DESCRIPTION OF THE TASK
Nothing but the line with "Portrait de jeune" and the lines after it should appear, each retyped exactly as in the listing.

DATA FOR THIS TASK

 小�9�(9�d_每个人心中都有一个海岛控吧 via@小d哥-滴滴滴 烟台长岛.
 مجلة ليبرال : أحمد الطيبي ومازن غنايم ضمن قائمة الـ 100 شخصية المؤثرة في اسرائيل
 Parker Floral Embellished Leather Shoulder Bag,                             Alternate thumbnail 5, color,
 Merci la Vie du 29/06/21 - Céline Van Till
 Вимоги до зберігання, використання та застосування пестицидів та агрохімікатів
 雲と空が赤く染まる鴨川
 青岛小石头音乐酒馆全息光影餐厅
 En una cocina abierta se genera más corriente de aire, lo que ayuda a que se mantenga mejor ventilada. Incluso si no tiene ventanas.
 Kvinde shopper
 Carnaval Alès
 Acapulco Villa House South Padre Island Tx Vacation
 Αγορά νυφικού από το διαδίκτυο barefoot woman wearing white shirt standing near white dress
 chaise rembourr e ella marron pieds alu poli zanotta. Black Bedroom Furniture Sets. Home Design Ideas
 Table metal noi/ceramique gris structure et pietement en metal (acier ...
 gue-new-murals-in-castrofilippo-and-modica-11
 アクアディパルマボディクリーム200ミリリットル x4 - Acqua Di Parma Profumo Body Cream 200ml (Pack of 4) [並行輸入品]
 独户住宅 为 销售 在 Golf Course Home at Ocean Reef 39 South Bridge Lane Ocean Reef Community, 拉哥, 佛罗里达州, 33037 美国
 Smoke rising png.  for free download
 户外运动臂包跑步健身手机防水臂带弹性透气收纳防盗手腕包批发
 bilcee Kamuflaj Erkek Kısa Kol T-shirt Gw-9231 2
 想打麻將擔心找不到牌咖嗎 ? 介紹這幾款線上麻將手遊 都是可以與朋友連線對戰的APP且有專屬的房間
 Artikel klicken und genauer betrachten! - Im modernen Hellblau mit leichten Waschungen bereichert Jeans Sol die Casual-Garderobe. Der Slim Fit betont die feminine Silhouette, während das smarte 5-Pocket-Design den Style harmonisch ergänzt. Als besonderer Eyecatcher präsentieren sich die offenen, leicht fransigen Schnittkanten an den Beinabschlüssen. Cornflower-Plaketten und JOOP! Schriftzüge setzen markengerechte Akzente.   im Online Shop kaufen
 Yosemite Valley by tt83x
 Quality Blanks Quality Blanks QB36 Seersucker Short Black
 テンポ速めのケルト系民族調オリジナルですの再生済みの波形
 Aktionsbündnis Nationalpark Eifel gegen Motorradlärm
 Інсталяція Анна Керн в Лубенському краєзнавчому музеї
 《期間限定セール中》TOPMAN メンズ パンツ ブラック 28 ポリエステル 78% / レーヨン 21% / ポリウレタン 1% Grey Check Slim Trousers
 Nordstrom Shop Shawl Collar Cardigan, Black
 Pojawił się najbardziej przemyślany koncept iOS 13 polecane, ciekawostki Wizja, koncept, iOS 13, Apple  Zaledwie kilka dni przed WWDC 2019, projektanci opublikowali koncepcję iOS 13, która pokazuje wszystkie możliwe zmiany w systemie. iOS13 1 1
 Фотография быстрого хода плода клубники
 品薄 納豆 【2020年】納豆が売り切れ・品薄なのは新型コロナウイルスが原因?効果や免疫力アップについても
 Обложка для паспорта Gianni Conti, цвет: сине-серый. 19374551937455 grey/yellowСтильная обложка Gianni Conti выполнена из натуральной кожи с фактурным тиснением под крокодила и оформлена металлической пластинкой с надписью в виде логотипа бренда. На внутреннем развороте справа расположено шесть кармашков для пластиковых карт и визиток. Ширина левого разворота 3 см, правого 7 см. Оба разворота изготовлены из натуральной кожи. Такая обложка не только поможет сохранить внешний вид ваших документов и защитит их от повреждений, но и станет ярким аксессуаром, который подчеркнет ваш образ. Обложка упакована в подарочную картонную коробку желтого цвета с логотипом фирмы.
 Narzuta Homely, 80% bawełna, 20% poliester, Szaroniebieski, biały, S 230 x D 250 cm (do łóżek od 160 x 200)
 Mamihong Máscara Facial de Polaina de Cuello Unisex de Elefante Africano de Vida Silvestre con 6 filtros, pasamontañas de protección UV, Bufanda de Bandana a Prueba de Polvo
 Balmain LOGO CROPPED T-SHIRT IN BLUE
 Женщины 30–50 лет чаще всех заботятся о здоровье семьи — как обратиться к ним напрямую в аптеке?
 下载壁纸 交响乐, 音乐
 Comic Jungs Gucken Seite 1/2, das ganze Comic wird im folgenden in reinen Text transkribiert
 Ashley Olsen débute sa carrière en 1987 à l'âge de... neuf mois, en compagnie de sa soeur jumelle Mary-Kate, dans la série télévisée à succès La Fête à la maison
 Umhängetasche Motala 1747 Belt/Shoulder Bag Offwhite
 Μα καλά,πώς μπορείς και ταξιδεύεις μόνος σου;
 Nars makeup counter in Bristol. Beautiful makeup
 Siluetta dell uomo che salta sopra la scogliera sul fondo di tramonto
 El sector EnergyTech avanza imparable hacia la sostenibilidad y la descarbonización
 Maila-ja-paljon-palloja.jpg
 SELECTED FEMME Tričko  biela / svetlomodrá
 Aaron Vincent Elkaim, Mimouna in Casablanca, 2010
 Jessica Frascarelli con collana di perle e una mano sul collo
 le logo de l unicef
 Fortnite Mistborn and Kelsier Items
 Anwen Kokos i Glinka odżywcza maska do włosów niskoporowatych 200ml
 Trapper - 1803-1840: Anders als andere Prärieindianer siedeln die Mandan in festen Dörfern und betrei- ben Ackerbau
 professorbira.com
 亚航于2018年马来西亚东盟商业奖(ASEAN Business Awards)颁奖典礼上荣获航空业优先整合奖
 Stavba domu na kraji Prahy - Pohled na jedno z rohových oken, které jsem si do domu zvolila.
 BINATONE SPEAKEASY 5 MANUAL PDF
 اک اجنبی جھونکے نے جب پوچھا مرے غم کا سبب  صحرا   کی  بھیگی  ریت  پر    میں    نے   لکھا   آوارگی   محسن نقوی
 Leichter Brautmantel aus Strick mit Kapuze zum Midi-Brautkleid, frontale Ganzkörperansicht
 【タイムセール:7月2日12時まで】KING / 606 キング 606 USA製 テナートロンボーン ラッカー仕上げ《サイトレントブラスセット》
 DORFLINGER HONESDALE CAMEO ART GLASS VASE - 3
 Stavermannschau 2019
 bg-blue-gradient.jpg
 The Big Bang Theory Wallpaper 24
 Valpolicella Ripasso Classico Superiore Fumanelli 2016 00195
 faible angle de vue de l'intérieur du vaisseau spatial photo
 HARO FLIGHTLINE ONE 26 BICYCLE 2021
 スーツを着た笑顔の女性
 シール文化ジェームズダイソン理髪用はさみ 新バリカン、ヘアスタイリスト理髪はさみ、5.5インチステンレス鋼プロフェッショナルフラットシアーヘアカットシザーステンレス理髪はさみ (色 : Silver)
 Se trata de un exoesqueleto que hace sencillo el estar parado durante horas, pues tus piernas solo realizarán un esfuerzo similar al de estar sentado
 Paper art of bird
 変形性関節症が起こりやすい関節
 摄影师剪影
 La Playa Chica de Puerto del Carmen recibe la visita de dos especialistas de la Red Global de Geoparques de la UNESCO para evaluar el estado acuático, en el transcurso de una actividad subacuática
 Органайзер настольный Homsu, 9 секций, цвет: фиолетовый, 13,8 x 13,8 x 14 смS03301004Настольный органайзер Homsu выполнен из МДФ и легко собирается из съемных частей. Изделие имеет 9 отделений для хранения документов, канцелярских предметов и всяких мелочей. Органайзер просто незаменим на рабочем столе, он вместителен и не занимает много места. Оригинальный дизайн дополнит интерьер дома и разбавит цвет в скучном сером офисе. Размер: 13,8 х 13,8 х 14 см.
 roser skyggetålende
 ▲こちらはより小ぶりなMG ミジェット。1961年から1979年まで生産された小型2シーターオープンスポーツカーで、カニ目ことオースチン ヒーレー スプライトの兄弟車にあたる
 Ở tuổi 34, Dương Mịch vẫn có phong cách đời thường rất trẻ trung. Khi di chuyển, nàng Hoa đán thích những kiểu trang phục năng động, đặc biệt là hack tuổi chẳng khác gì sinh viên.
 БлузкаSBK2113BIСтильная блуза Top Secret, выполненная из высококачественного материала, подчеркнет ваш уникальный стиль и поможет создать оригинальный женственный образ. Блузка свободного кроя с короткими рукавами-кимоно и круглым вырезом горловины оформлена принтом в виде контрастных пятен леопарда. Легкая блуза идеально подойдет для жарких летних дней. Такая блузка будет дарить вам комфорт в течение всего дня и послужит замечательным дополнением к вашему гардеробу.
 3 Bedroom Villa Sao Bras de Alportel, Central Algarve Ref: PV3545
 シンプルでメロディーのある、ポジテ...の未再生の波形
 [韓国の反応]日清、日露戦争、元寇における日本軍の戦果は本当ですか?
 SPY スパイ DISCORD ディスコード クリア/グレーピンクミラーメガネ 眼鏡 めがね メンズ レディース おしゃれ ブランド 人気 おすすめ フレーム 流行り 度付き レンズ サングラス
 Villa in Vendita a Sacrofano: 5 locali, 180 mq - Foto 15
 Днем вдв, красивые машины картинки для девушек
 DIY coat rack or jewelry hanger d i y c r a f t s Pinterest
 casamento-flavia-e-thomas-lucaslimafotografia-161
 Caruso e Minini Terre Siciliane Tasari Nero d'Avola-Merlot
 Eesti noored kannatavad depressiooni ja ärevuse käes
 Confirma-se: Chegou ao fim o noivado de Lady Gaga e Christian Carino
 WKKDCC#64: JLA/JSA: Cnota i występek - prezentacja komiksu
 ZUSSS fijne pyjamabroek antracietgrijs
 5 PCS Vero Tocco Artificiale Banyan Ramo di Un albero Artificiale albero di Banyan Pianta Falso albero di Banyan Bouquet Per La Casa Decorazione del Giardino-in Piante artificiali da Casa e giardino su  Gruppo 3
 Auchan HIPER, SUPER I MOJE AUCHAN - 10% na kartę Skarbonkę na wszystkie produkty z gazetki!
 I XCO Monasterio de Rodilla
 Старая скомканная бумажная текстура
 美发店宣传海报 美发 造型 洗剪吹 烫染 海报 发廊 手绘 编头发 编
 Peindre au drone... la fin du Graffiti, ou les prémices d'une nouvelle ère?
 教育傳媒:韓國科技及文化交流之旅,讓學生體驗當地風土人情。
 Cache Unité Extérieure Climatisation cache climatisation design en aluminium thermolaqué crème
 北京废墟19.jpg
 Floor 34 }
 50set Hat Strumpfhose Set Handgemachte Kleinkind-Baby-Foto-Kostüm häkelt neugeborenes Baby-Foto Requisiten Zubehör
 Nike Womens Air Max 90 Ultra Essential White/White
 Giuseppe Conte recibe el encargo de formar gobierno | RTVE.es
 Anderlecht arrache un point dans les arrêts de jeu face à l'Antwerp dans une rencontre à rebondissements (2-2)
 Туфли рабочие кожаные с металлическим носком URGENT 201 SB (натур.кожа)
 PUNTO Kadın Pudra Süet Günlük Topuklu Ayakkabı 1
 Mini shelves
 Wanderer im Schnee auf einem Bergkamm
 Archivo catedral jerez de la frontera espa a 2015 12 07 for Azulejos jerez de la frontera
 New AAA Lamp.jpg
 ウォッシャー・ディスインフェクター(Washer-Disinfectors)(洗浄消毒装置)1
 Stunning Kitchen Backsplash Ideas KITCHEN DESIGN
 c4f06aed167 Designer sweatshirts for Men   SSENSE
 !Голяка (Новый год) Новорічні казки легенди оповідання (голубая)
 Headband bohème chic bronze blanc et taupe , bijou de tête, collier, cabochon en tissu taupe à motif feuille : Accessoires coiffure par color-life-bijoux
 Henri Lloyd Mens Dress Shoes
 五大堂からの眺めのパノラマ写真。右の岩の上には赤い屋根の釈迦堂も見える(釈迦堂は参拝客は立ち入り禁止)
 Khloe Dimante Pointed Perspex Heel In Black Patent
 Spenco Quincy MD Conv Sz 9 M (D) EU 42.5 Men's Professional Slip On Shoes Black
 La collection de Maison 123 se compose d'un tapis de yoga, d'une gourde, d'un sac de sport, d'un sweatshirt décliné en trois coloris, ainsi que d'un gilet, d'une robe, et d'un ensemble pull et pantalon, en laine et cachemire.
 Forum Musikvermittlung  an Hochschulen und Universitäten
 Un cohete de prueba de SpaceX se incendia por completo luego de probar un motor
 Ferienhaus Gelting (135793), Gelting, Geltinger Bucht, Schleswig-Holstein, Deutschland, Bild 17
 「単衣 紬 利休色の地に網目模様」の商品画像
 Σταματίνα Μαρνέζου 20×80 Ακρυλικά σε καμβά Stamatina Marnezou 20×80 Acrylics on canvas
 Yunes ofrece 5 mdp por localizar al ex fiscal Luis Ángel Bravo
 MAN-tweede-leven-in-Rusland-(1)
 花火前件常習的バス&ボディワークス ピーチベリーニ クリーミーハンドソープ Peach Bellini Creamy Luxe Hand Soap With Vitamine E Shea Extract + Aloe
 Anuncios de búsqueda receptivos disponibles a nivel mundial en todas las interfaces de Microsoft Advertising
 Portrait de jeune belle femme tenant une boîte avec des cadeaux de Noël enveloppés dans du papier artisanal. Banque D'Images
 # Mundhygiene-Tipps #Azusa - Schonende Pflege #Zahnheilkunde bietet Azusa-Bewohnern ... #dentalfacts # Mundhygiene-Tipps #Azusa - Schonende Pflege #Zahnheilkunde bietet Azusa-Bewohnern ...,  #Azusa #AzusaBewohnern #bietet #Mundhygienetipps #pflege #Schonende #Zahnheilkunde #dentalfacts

SOLVED PROBLEM
 Portrait de jeune belle femme tenant une boîte avec des cadeaux de Noël enveloppés dans du papier artisanal. Banque D'Images
 # Mundhygiene-Tipps #Azusa - Schonende Pflege #Zahnheilkunde bietet Azusa-Bewohnern ... #dentalfacts # Mundhygiene-Tipps #Azusa - Schonende Pflege #Zahnheilkunde bietet Azusa-Bewohnern ...,  #Azusa #AzusaBewohnern #bietet #Mundhygienetipps #pflege #Schonende #Zahnheilkunde #dentalfacts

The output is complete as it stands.